* MATERIAL PROVIDED *

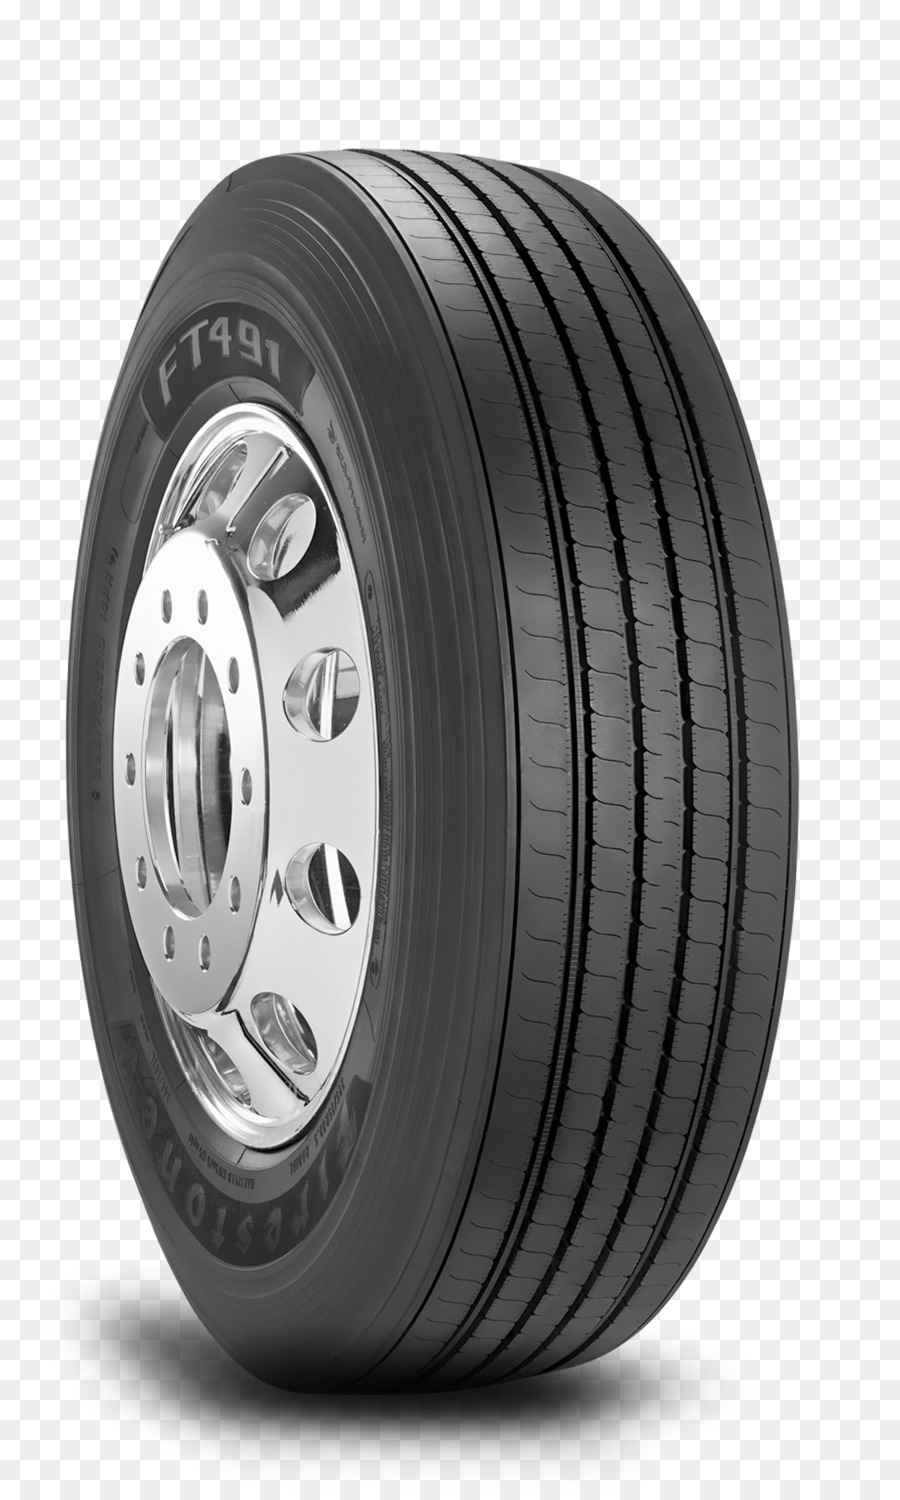 Auto Firestone Tire and Rubber Company, Bridgestone Preis - Auto
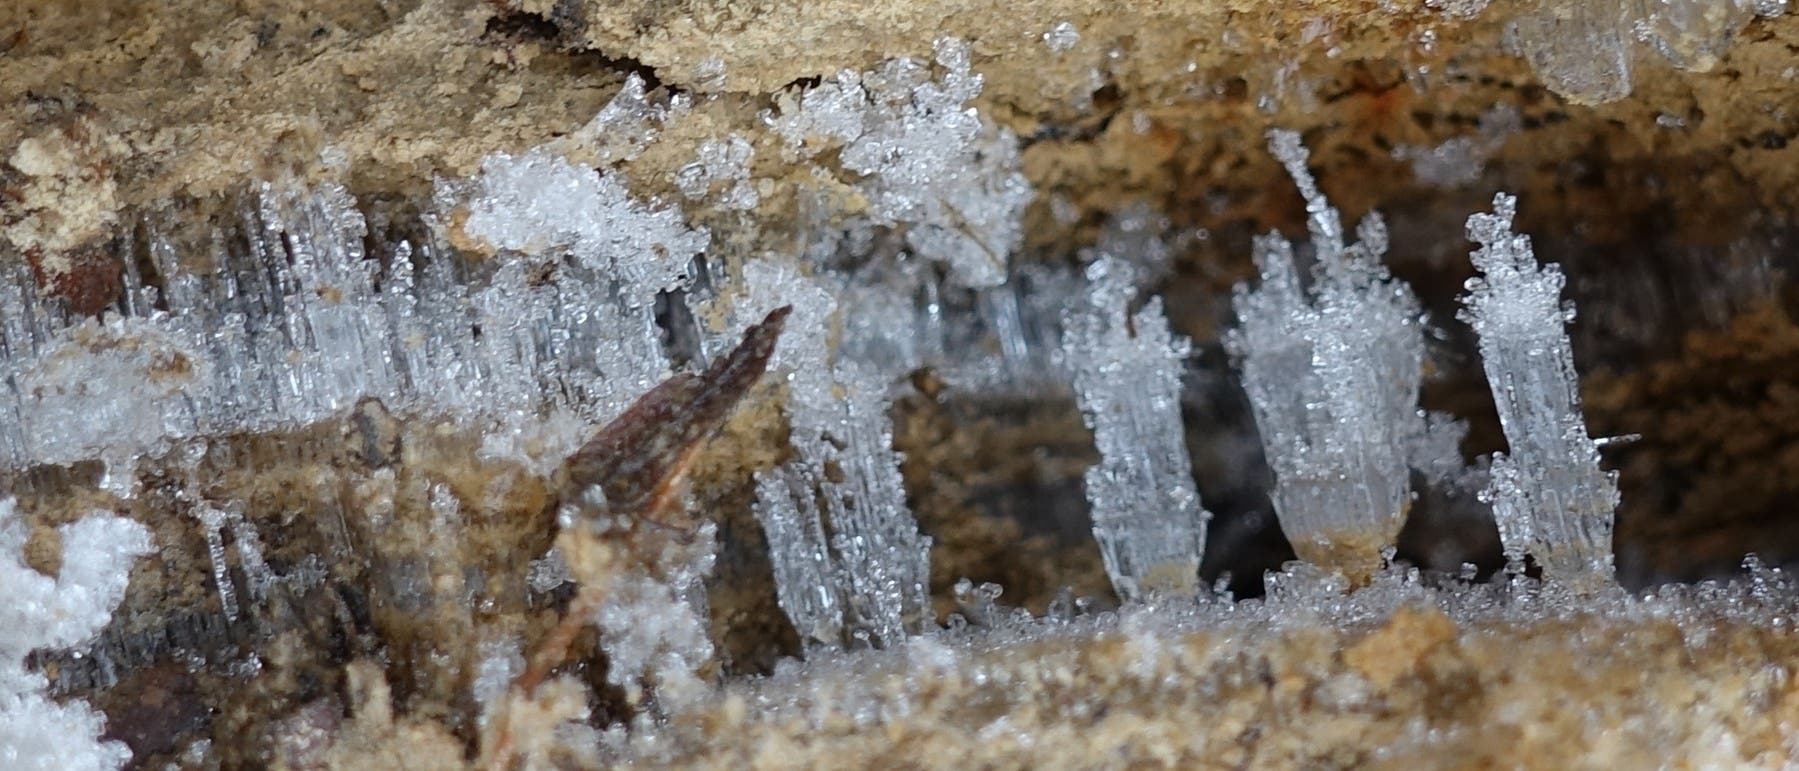 An einem feuchten Hang streben aus sandiger, teilweise lehmhaltiger Erde dünne Stränge aus Eis empor.
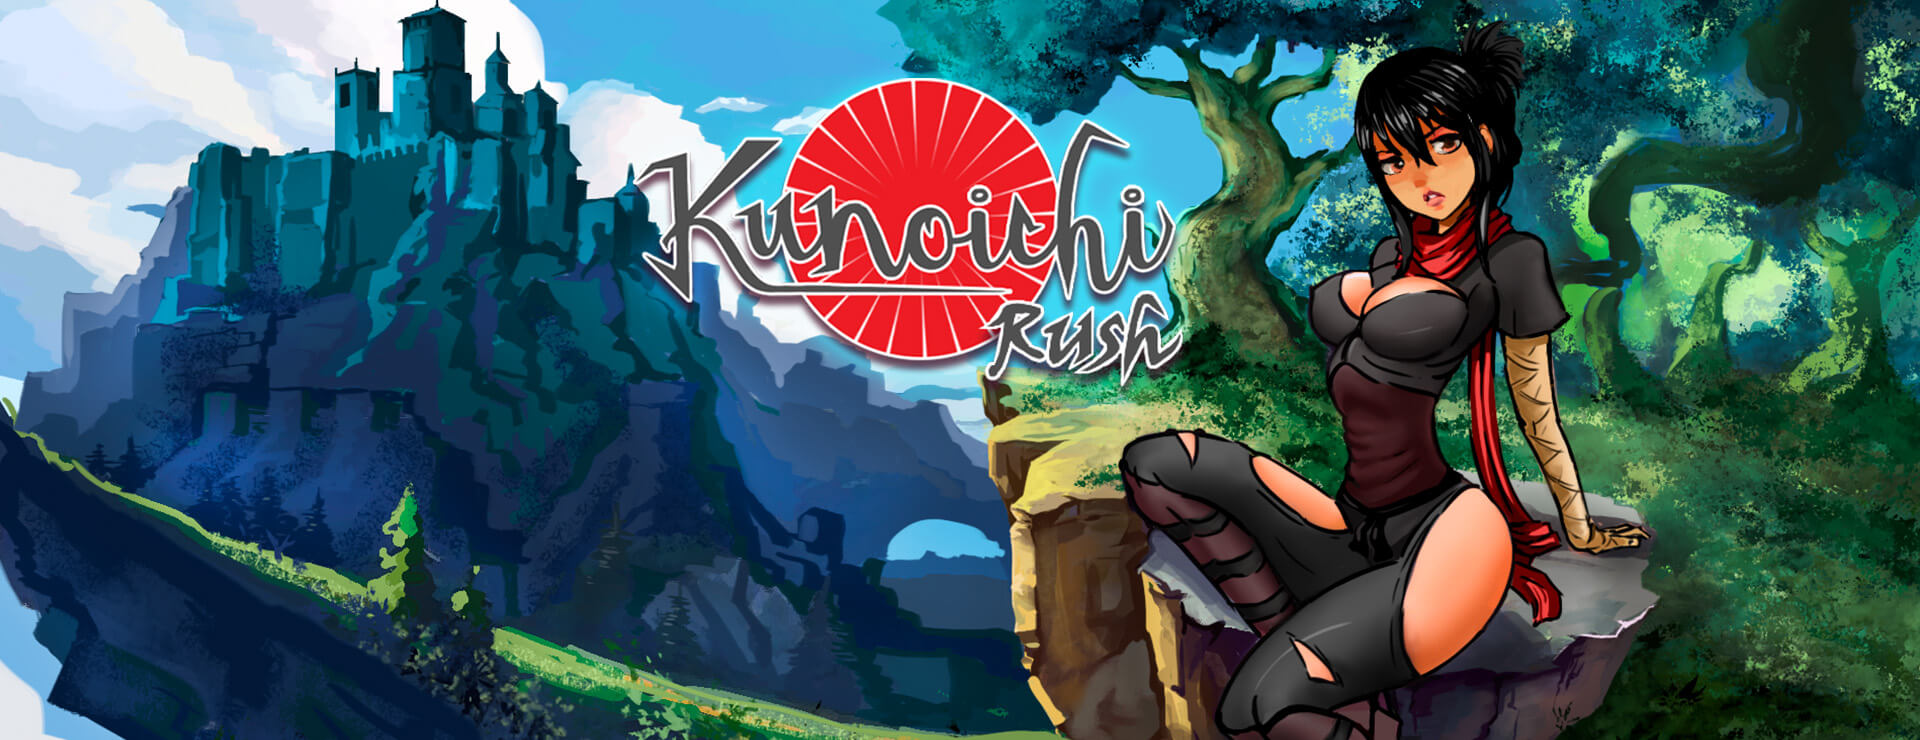 Kunoichi Rush - Action Adventure Game
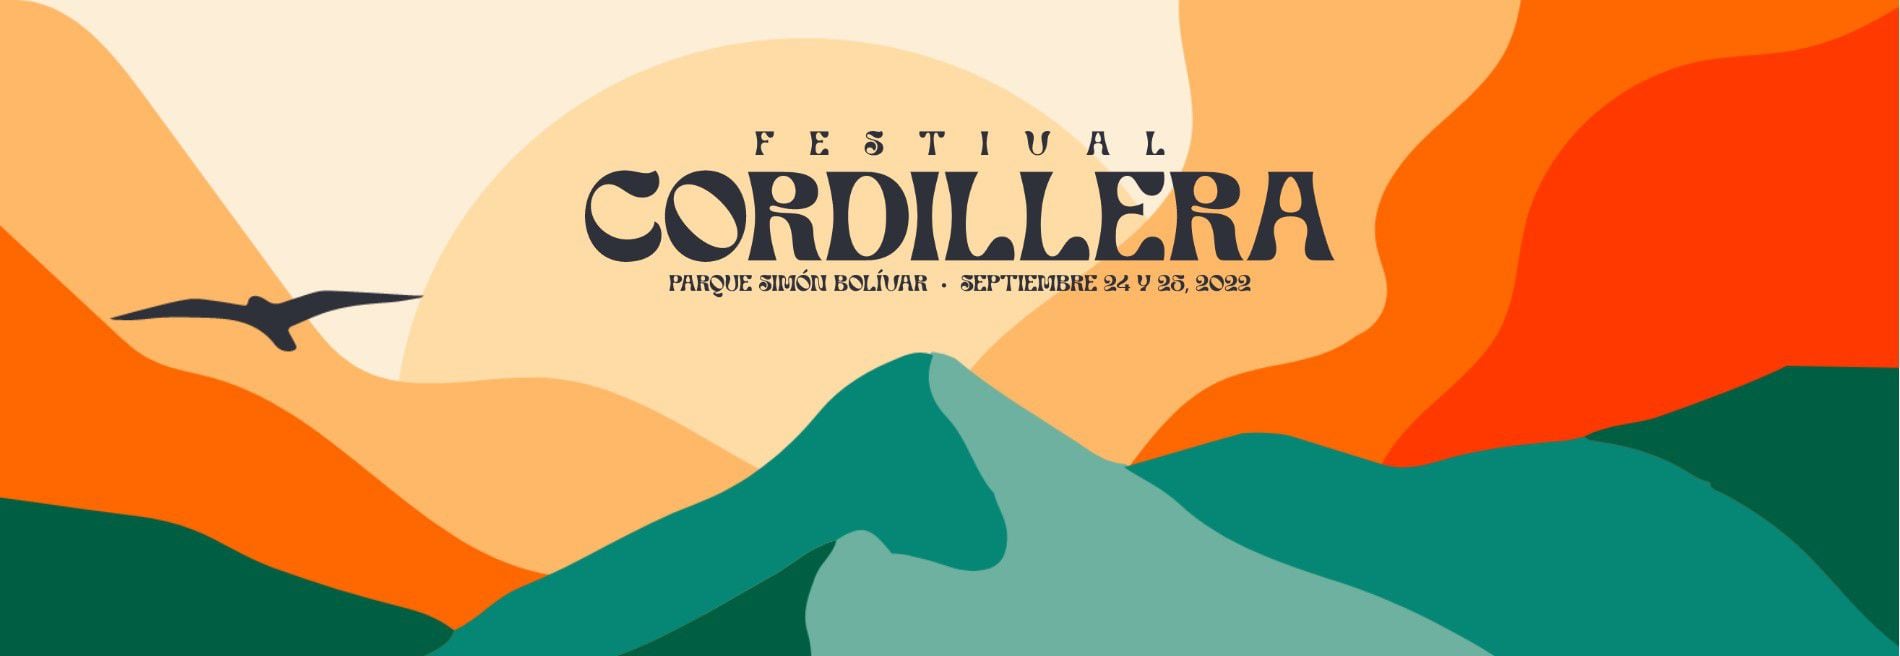 La venta para el público general será a partir del 3 de junio. Foto: Festival Cordillera.

* WHAT THIS TASK INVOLVES *
Nothing but the lines from the line with "An einem feuchten" through the last line of the listing should be copied, exactly and with both ends kept. Leave pictures out.

* WRITTEN SOLUTION *
 An einem feuchten Hang streben aus sandiger, teilweise lehmhaltiger Erde dünne Stränge aus Eis empor.
 Kunoichi Rush - Action Adventure Game
 La venta para el público general será a partir del 3 de junio. Foto: Festival Cordillera.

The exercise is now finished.